Sin restar valor a los sentidos ni la voluntad como nexos del sujeto con la realidad que lo circunda, el intelectualismo encuentra en la razón el sostén central del conocimiento y dominio de la naturaleza. Contrariamente, su opuesto conceptual –o antiintelectualismo– destila hostilidad y desconfianza frente a todo lo relacionado con el pensamiento reflexivo, incluidos sus cultores, a quienes tachan de inoficiosos y haraganes, dedicados a actividades embusteras y poco prácticas, por ello, fútiles.

Un intelectual, en toda regla, sobrepone la razón a las emociones, reivindicando la libre expresión y circulación de las ideas y el arte, además de alejarse de lo superfluo y las convenciones sociales establecidas (Bealey, 2003).

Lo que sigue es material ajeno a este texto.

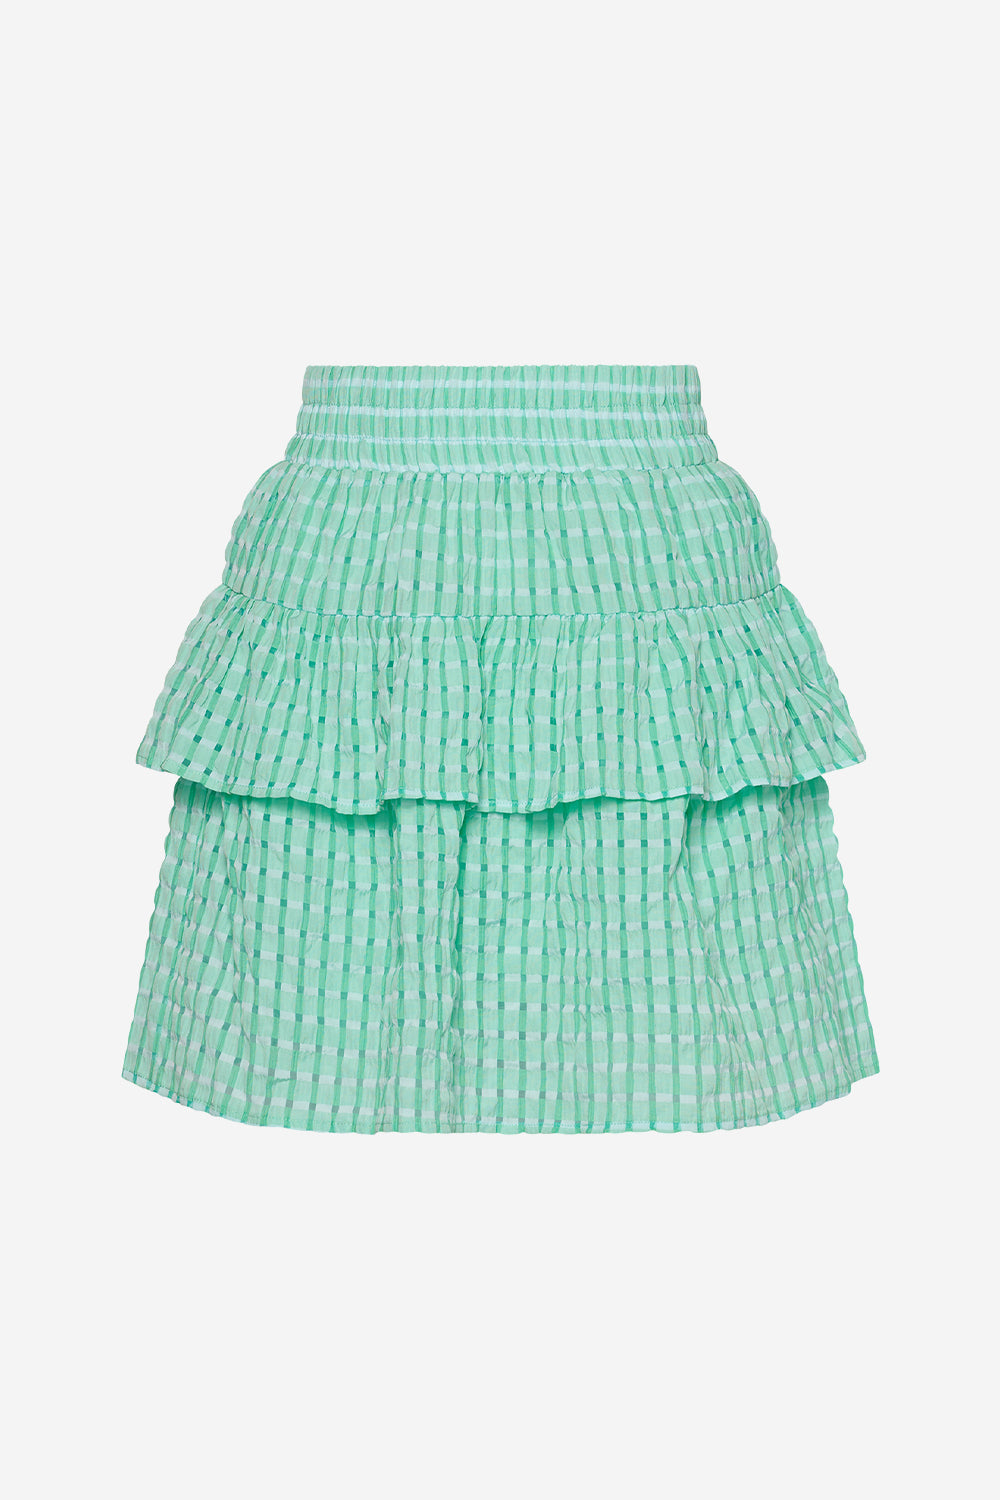 Dicte Mona Skirt Green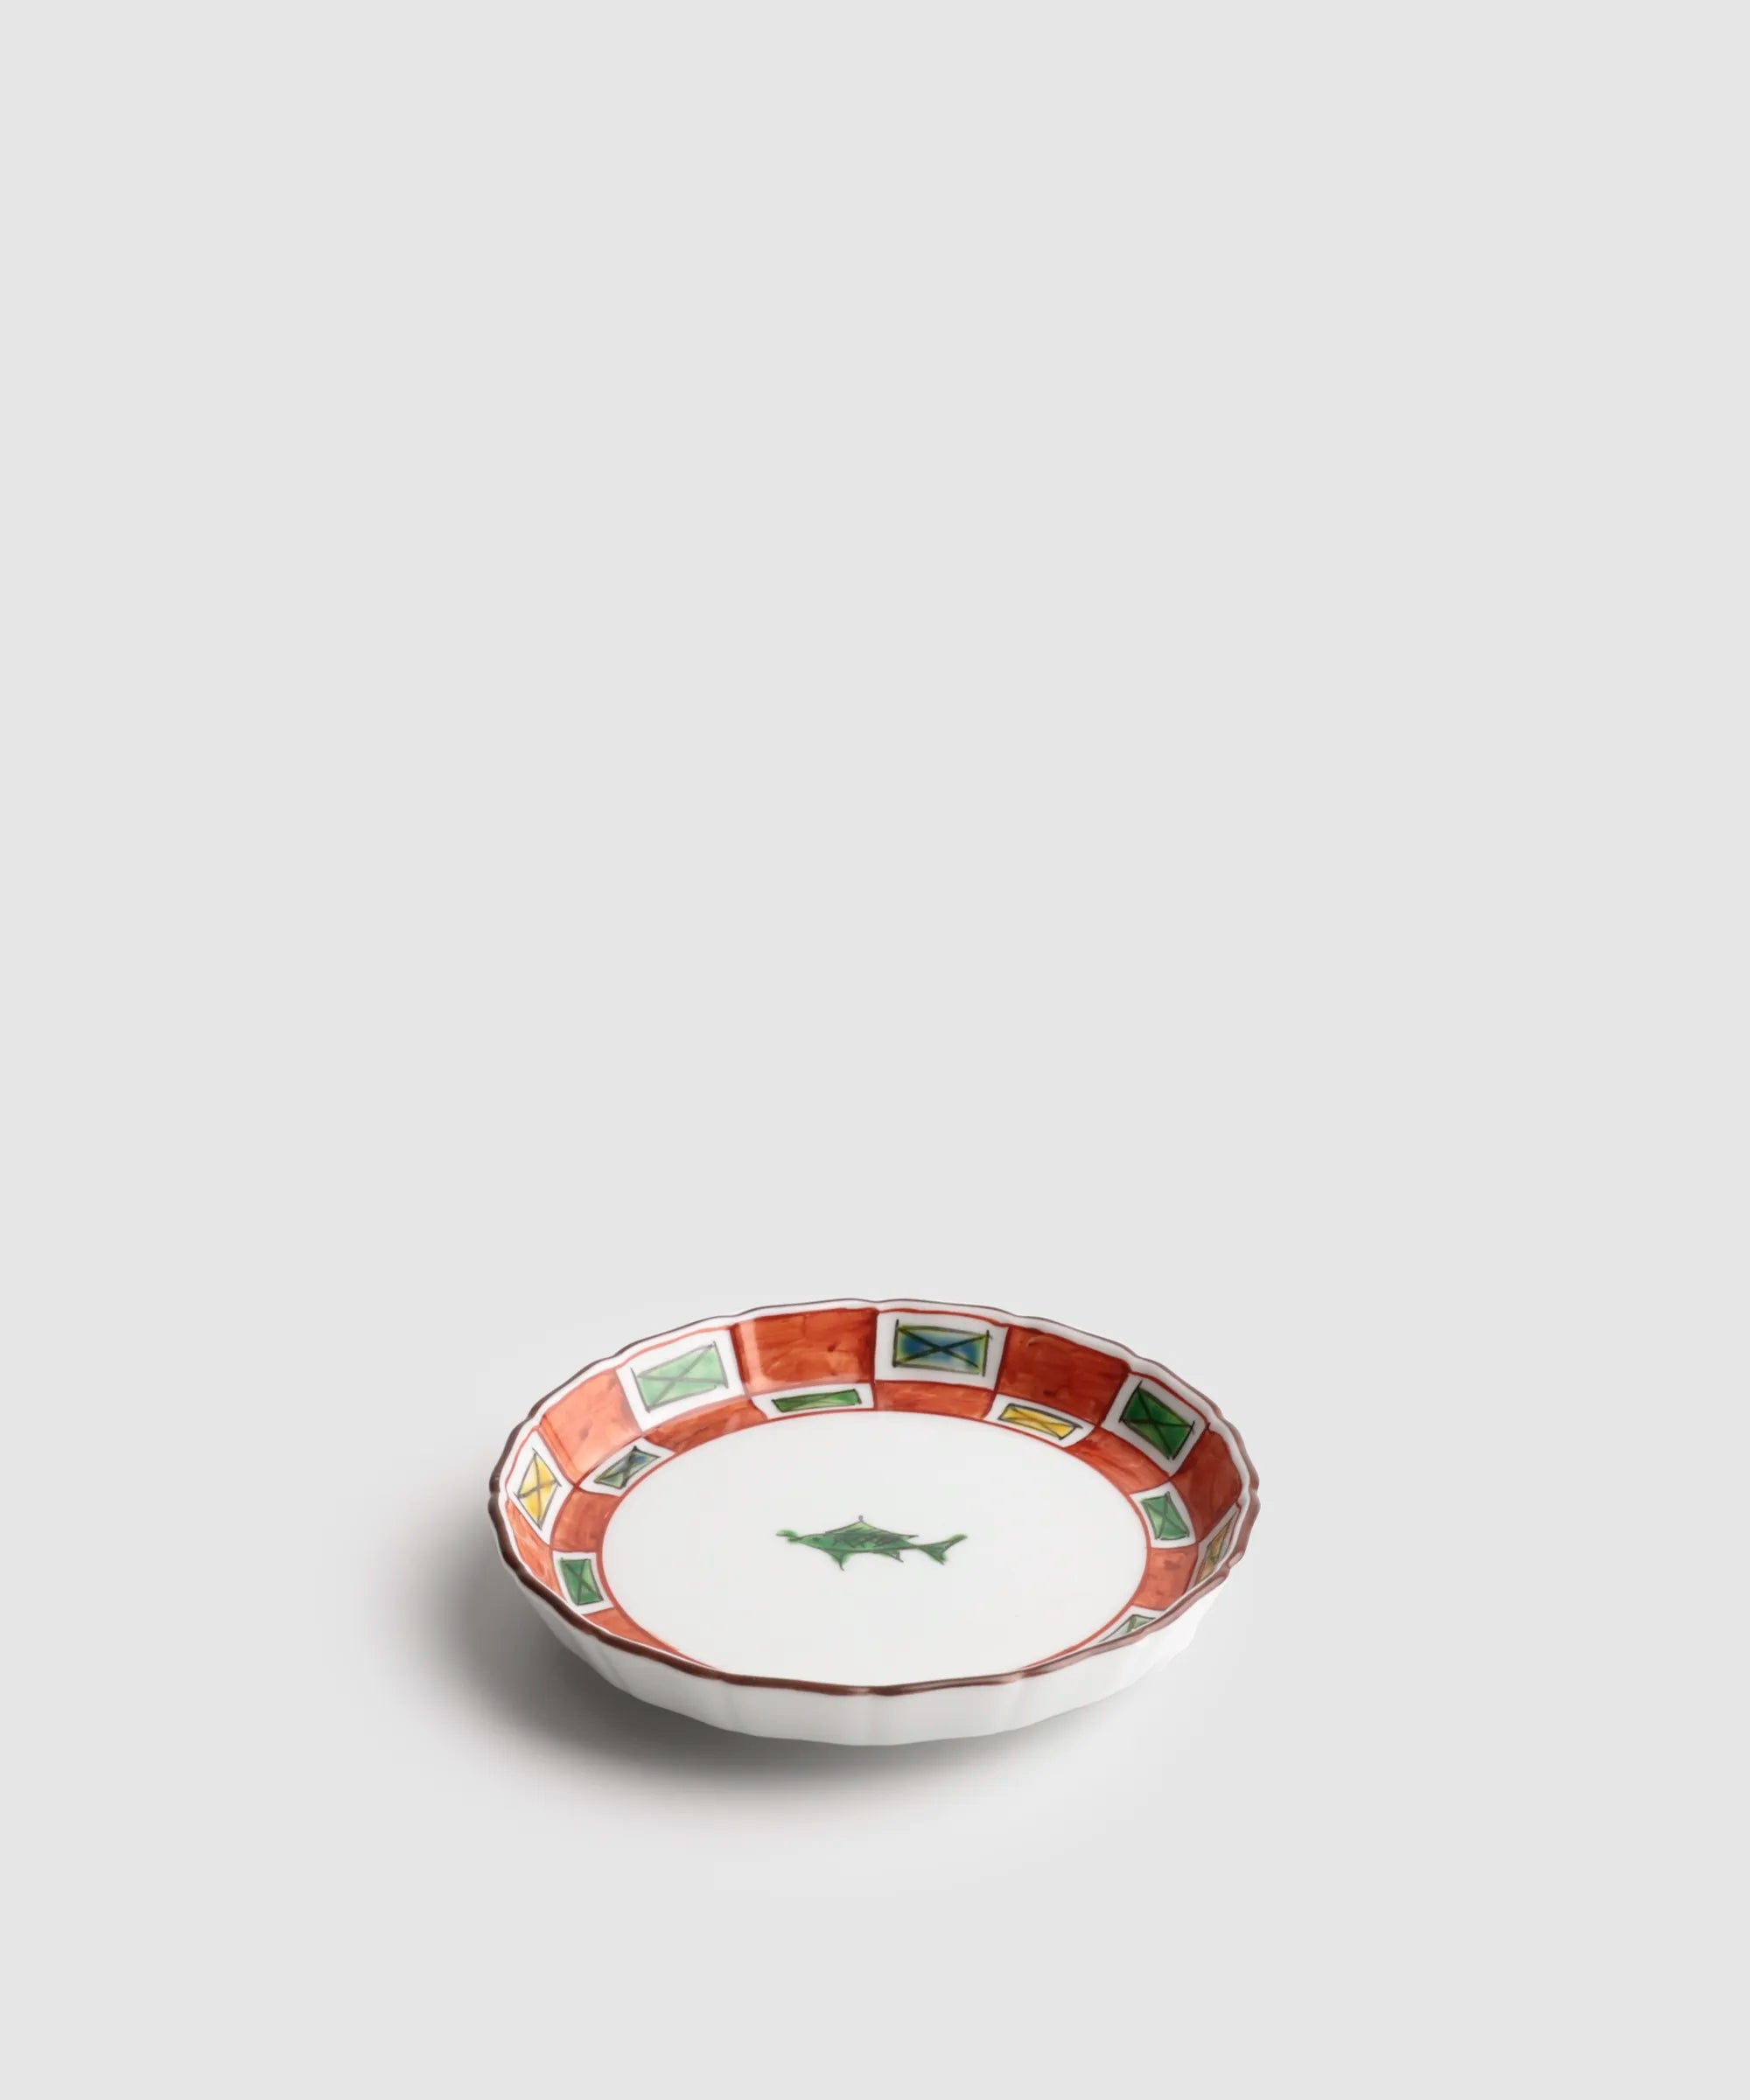 色絵市松魚文 - 桔梗渕4.5寸皿

Tiende a ser, en consecuencia, transgresor y desafiante, pues quien se esfuerce por conocer reflexiva y sistemáticamente el mundo, procurará cambiarlo, constituyéndose irremediablemente en un fastidioso incordio para la conservación del statu quo.

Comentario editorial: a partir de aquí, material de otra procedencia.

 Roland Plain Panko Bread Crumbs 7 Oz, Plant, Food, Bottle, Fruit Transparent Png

Genera, así, niveles variables de desdén y desconfianza, especialmente visibles en dos importantes planos: a) El político, con el poder establecido, para el cual todo sujeto que piense y actúe con espíritu crítico, así sea constructivo, se convierte de inmediato en un potencial cuestionador de todo proyecto de poder (oficialista u opositor), merecedor del embate de los aparatos represivos y de control social; y b) El sociológico, a partir de la falsa contradicción entre el “hombre de acción” y el “hombre de pensamiento”, esto es, entre el “hombre del pueblo” (la masa popular) y el “hombre intelectual” (minoría injustamente tildada de elitista y conservadora), raro e ininteligible individuo, generalmente solitario y por ello débil, mal afamado racionalista, enemigo de la emotividad popular al que urge reconducir y, en su caso, aislar como una peligrosa anomalía.

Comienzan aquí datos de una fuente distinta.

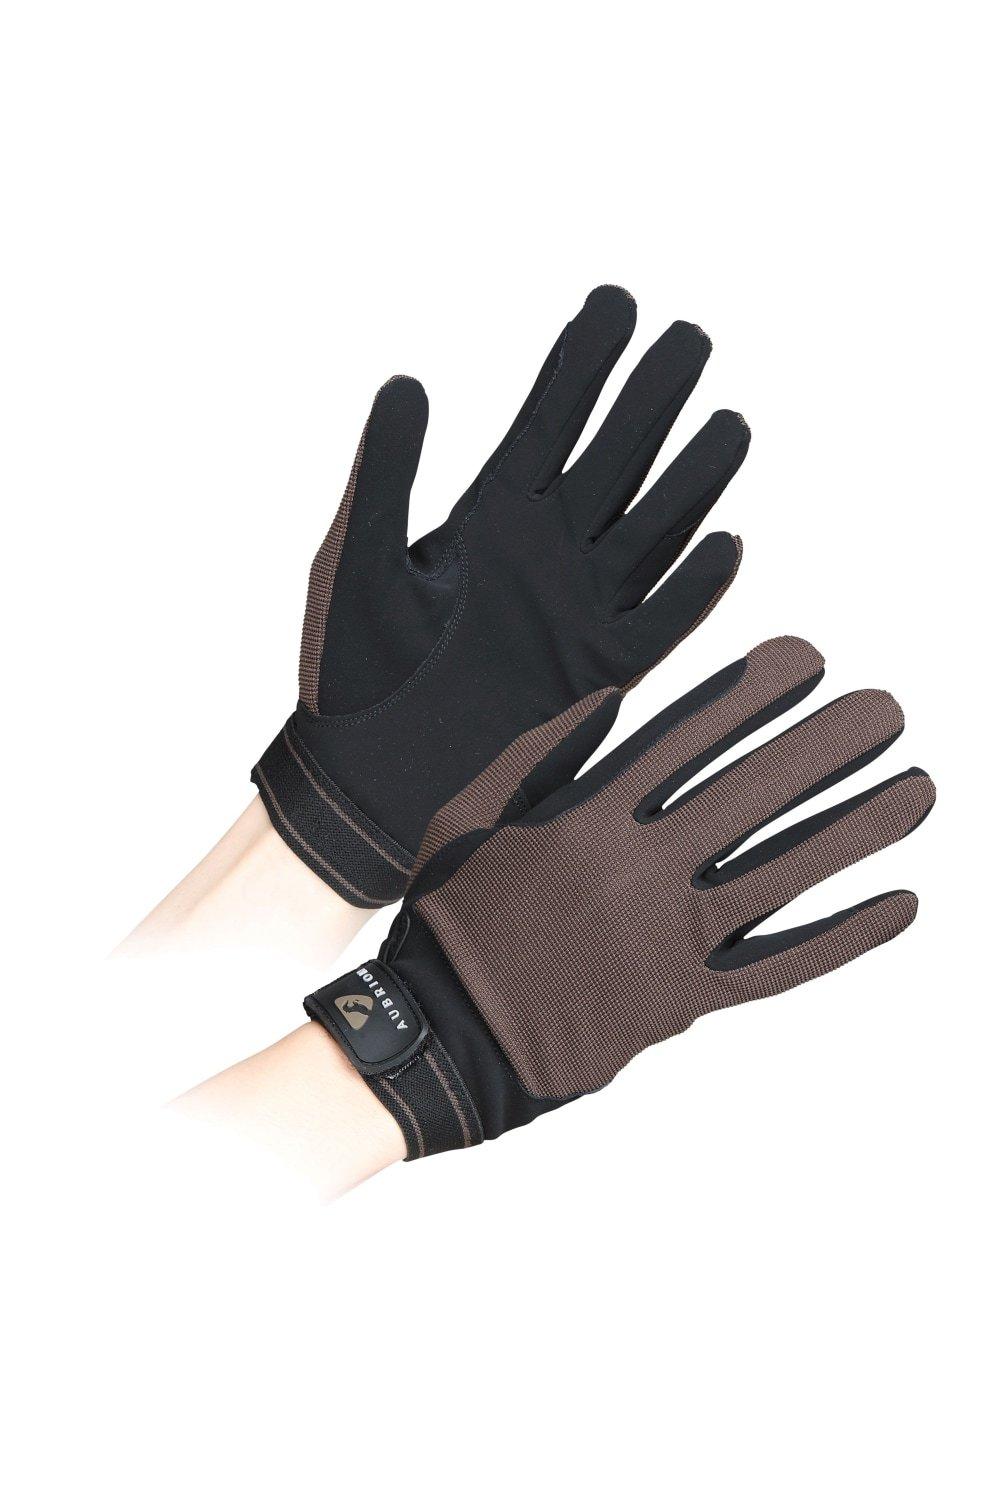 Сетчатые перчатки для верховой езды Aubrion, коричневый

La tendencia al antiintelectualismo se extiende globalmente y más en aquellas latitudes en las que los dos planos arriba descritos confluyen negativamente, produciéndose situaciones en las que el predominio del “hombre del pueblo” (lo bueno) a costa de lo “intelectual” (lo malo) se produce desde el discurso político y la oficialidad estatal, como parte de la justificación ideológica de unas determinadas acciones políticas, sobrevalorando implícita o explícitamente lo popular por encima de todo intento de interpretar racionalmente la realidad social y sus necesidades, cuando ambas pueden perfectamente complementarse. Se instala así en el imaginario colectivo la insana idea de que el saber y el conocimiento son superfluos y hasta peligrosos, desincentivando todo afán de mejora profesional y científica en la gente, principalmente en los jóvenes, fenómeno muy popular en ellos pues se alinea a la pereza intelectual predominante en este segmento social.

La actitud de muchos autodenominados “intelectuales” tampoco aporta mucho, pues bien optan por replegarse en el silencio o la cómoda superficialidad (perdiendo autoridad), o bien se “funcionalizan” a un proyecto de poder concreto, oficialista u opositor (perdiendo credibilidad). Comprensible si se entiende que mantener la centralidad en escenarios de crispación generalizada importa elevados costos.

Este estado de cosas provocaría que, a la larga, se instale una situación de inmovilidad social y dependencia cognitiva, ya que ante la ausencia de espacios internos, abiertos y plurales, para el debate y la producción intelectual de calidad, los individuos, por definición inconformes, optarán por consumir soterrada y a veces acríticamente saberes desarrollados afuera, cuyo ingreso al sistema sociopolítico interno resulta cada vez más difícil de controlar en un escenario altamente globalizado e interconectado.

“Tenemos pechos de bronce, pero no sabemos nada” (o no lo suficiente), dura realidad explicitada por Chipana Ramos ya en el primer Congreso Indigenal de 1946, instándonos hoy a generar espacios de simbiosis entre la acción y los saberes populares con el conocimiento científico racionalista, el uno tan relevante como los otros.